▶ Your goal:
Exclude the pictures and repeat all of the data exactly.
Collected material section start
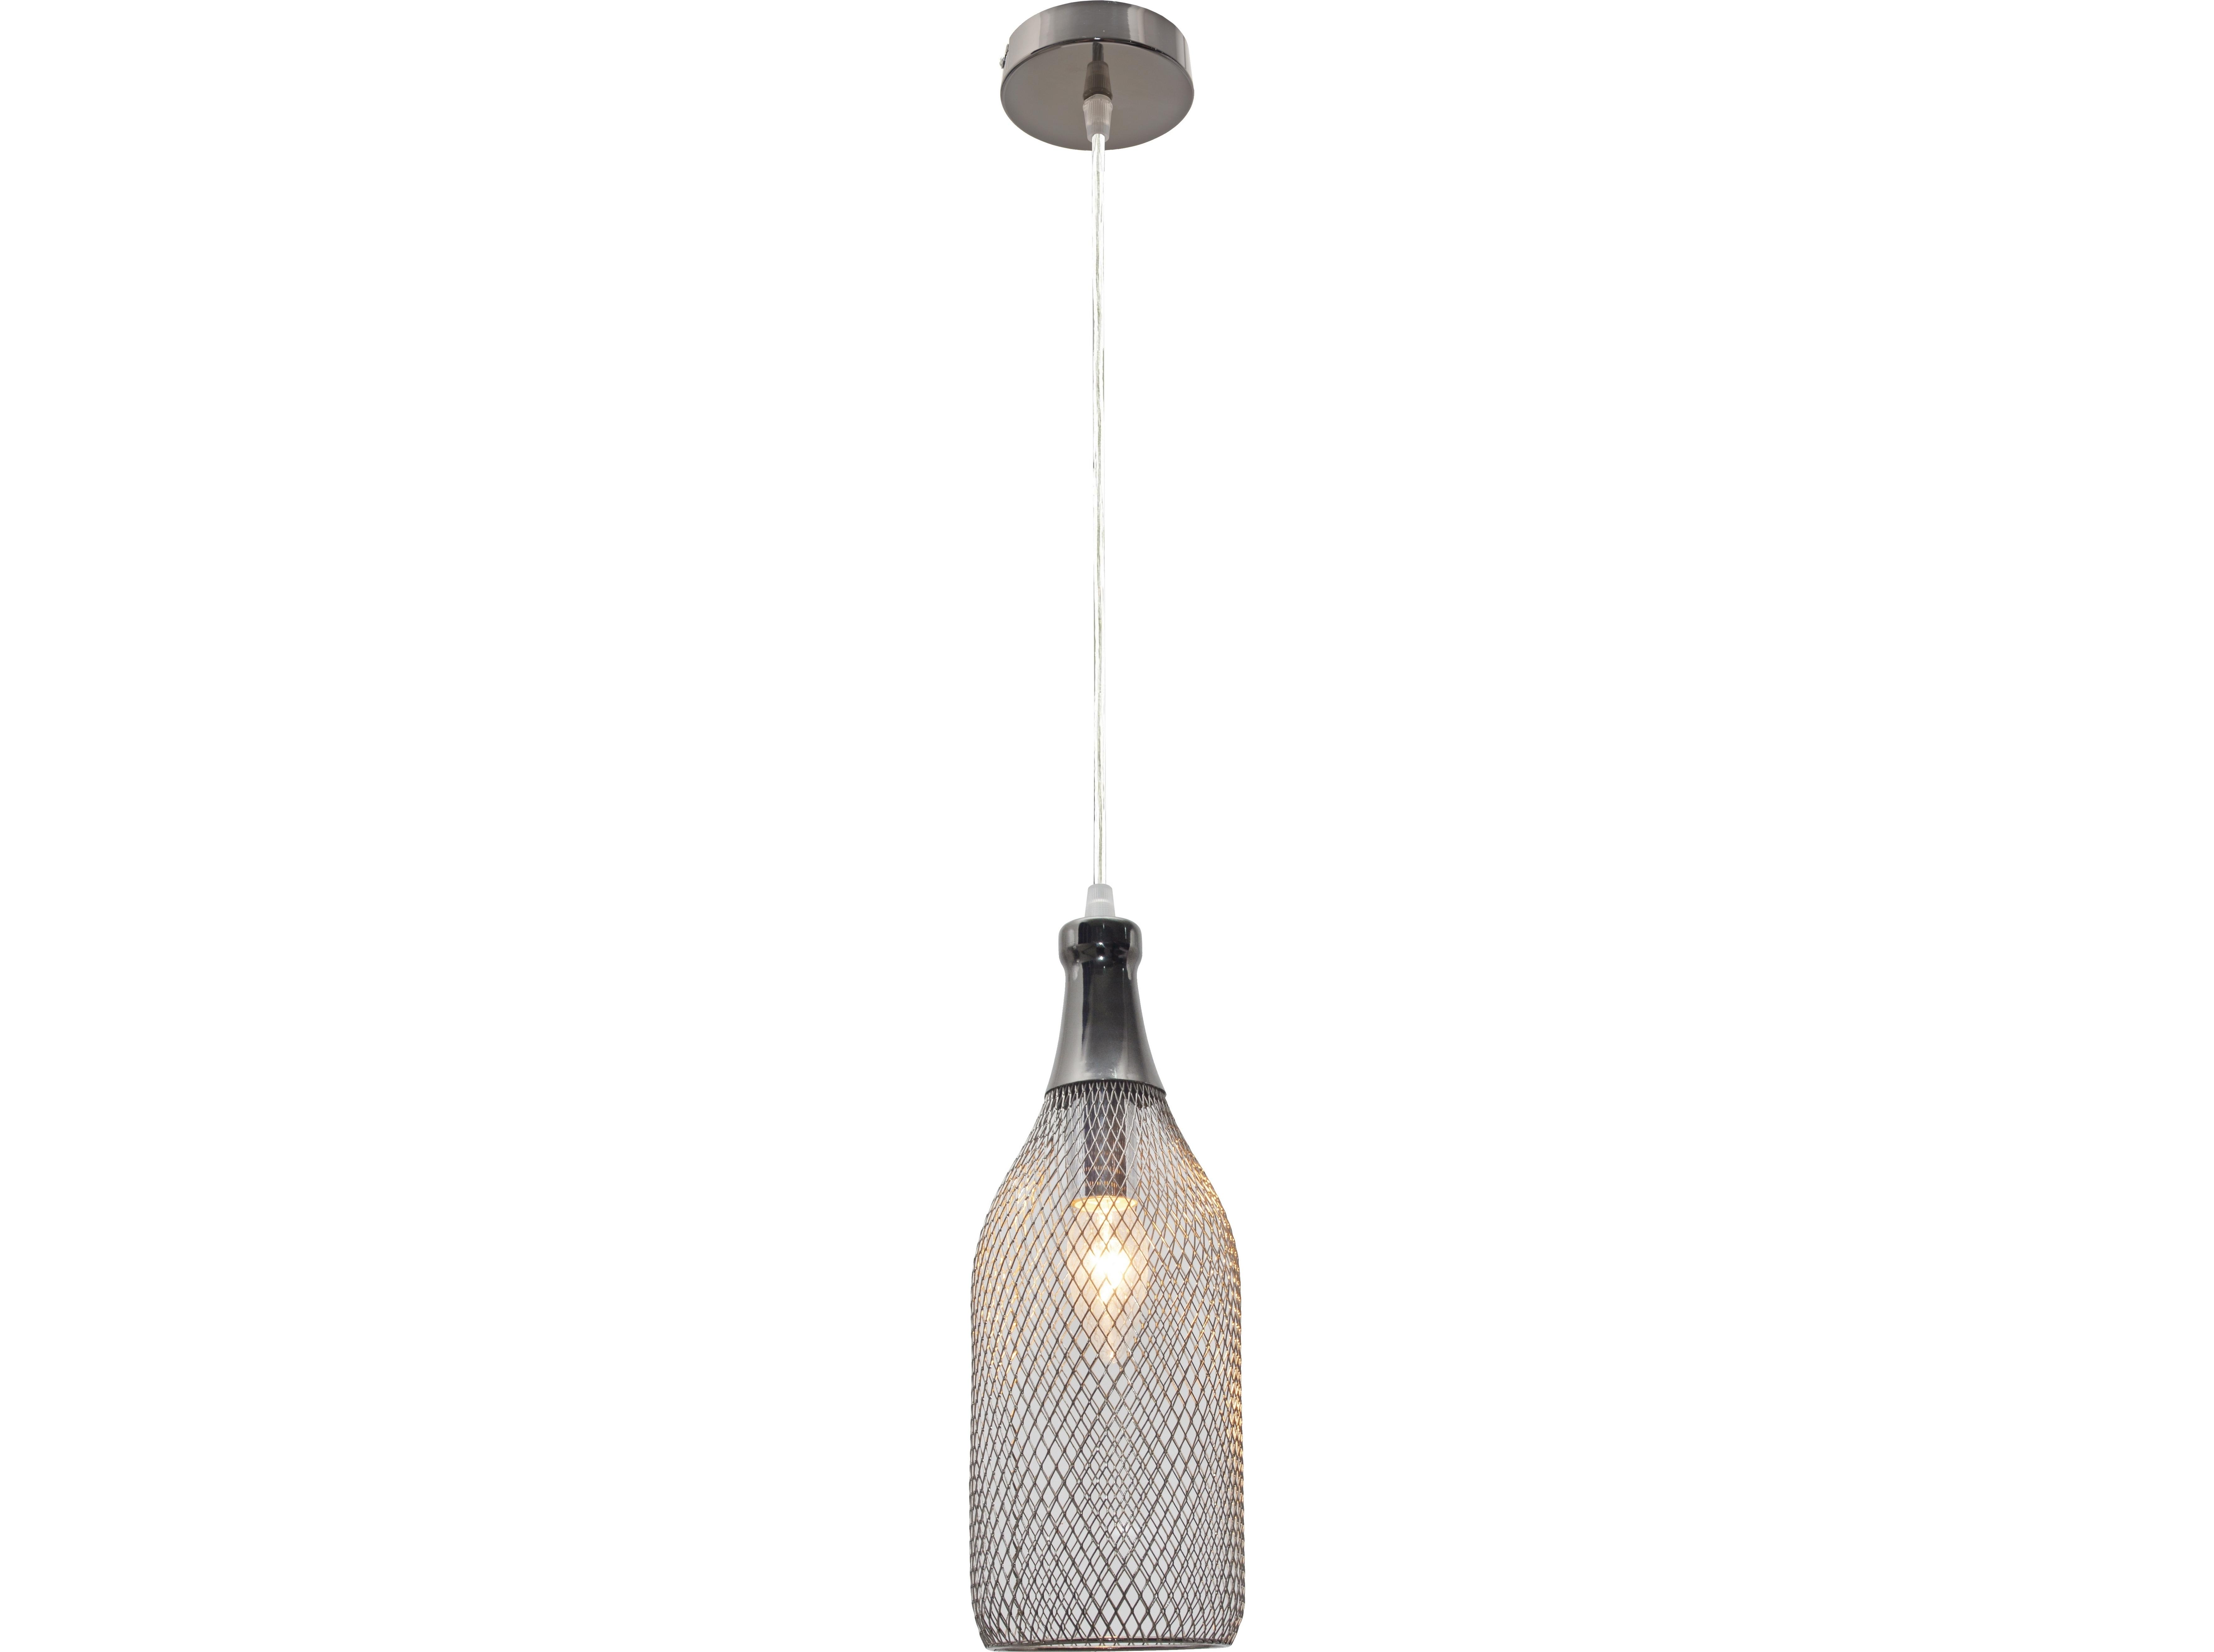 Подвесной светильникПодвесные светильники<br>&amp;lt;div&amp;gt;Цоколь: E14&amp;lt;/div&amp;gt;&amp;lt;div&amp;gt;Мощность ламп: 40W&amp;lt;/div&amp;gt;&amp;lt;div&amp;gt;Количество лампочек: 1&amp;lt;/div&amp;gt;<br><br>Material: Металл<br>Width см: None<br>Height см: 120<br>Diameter см: 14
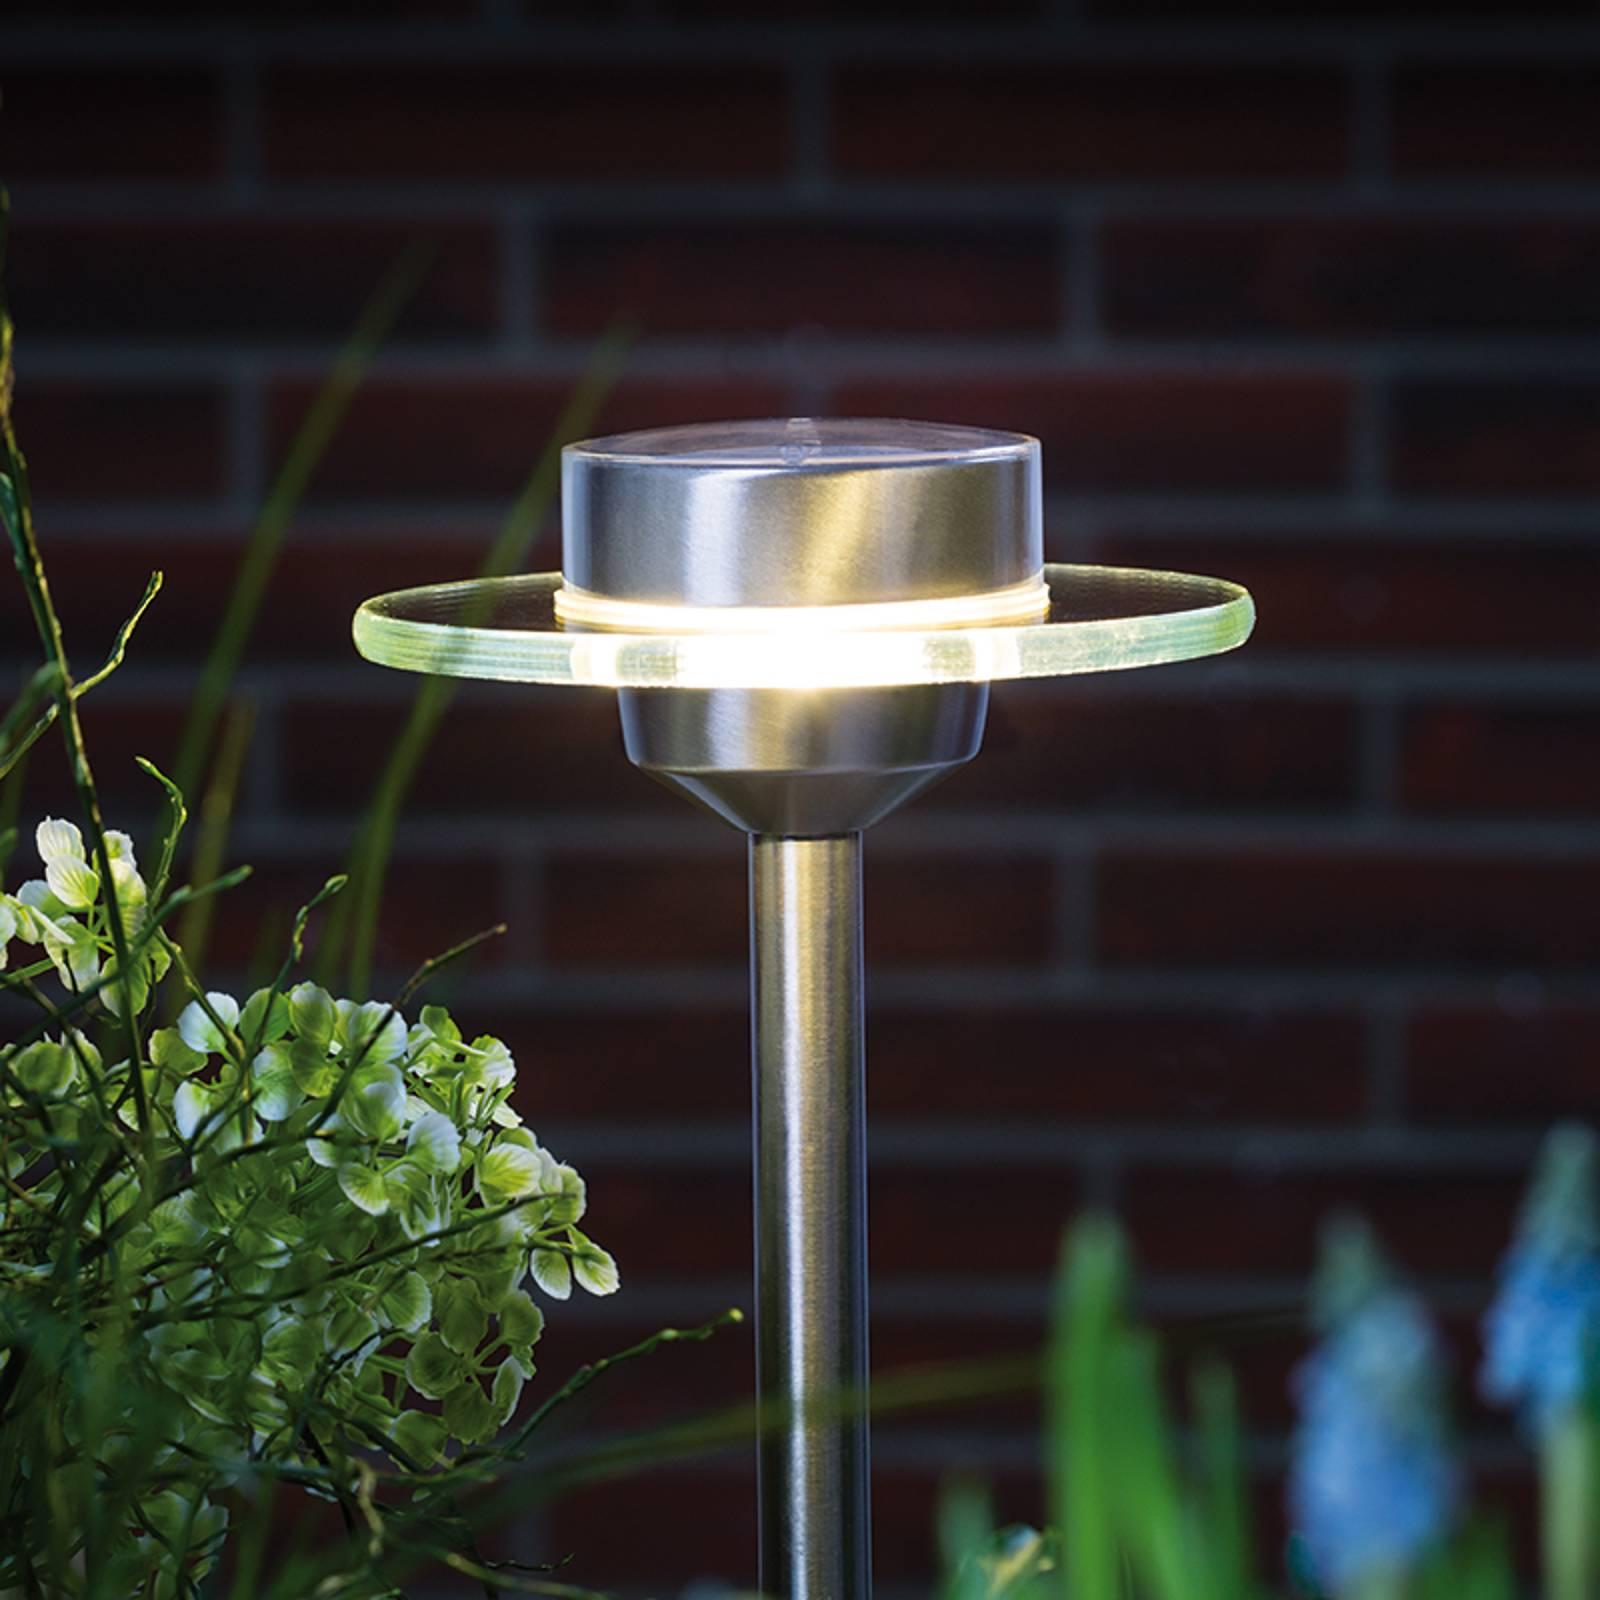 Lampa solarna UFO z LED, IP44, stal szlachetna
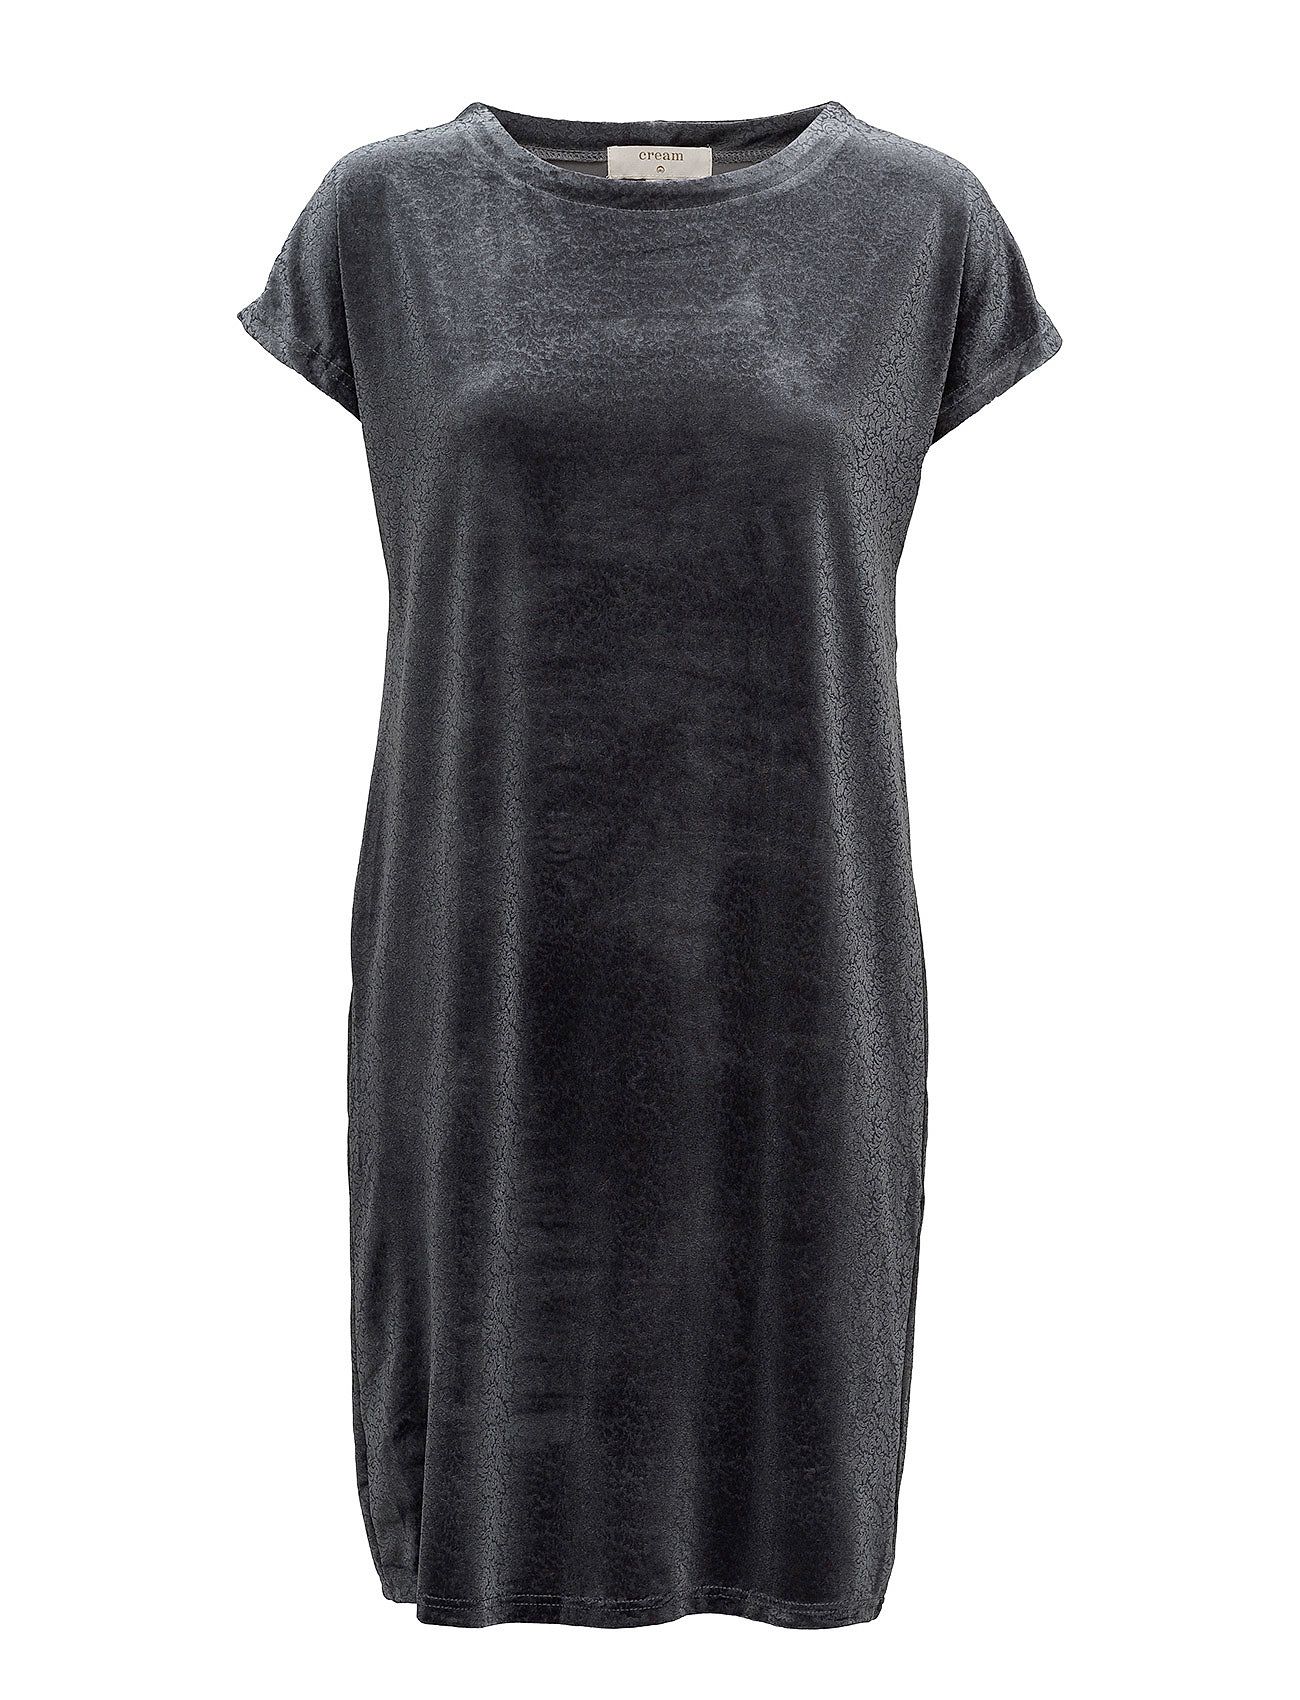 2f52160c3c22 Agnette Dress (Turbulence Grey) (£27.49) - Cream -
Collected material section end
▶ Exercise response:
 Подвесной светильникПодвесные светильники<br>&amp;lt;div&amp;gt;Цоколь: E14&amp;lt;/div&amp;gt;&amp;lt;div&amp;gt;Мощность ламп: 40W&amp;lt;/div&amp;gt;&amp;lt;div&amp;gt;Количество лампочек: 1&amp;lt;/div&amp;gt;<br><br>Material: Металл<br>Width см: None<br>Height см: 120<br>Diameter см: 14
 Lampa solarna UFO z LED, IP44, stal szlachetna
 2f52160c3c22 Agnette Dress (Turbulence Grey) (£27.49) - Cream -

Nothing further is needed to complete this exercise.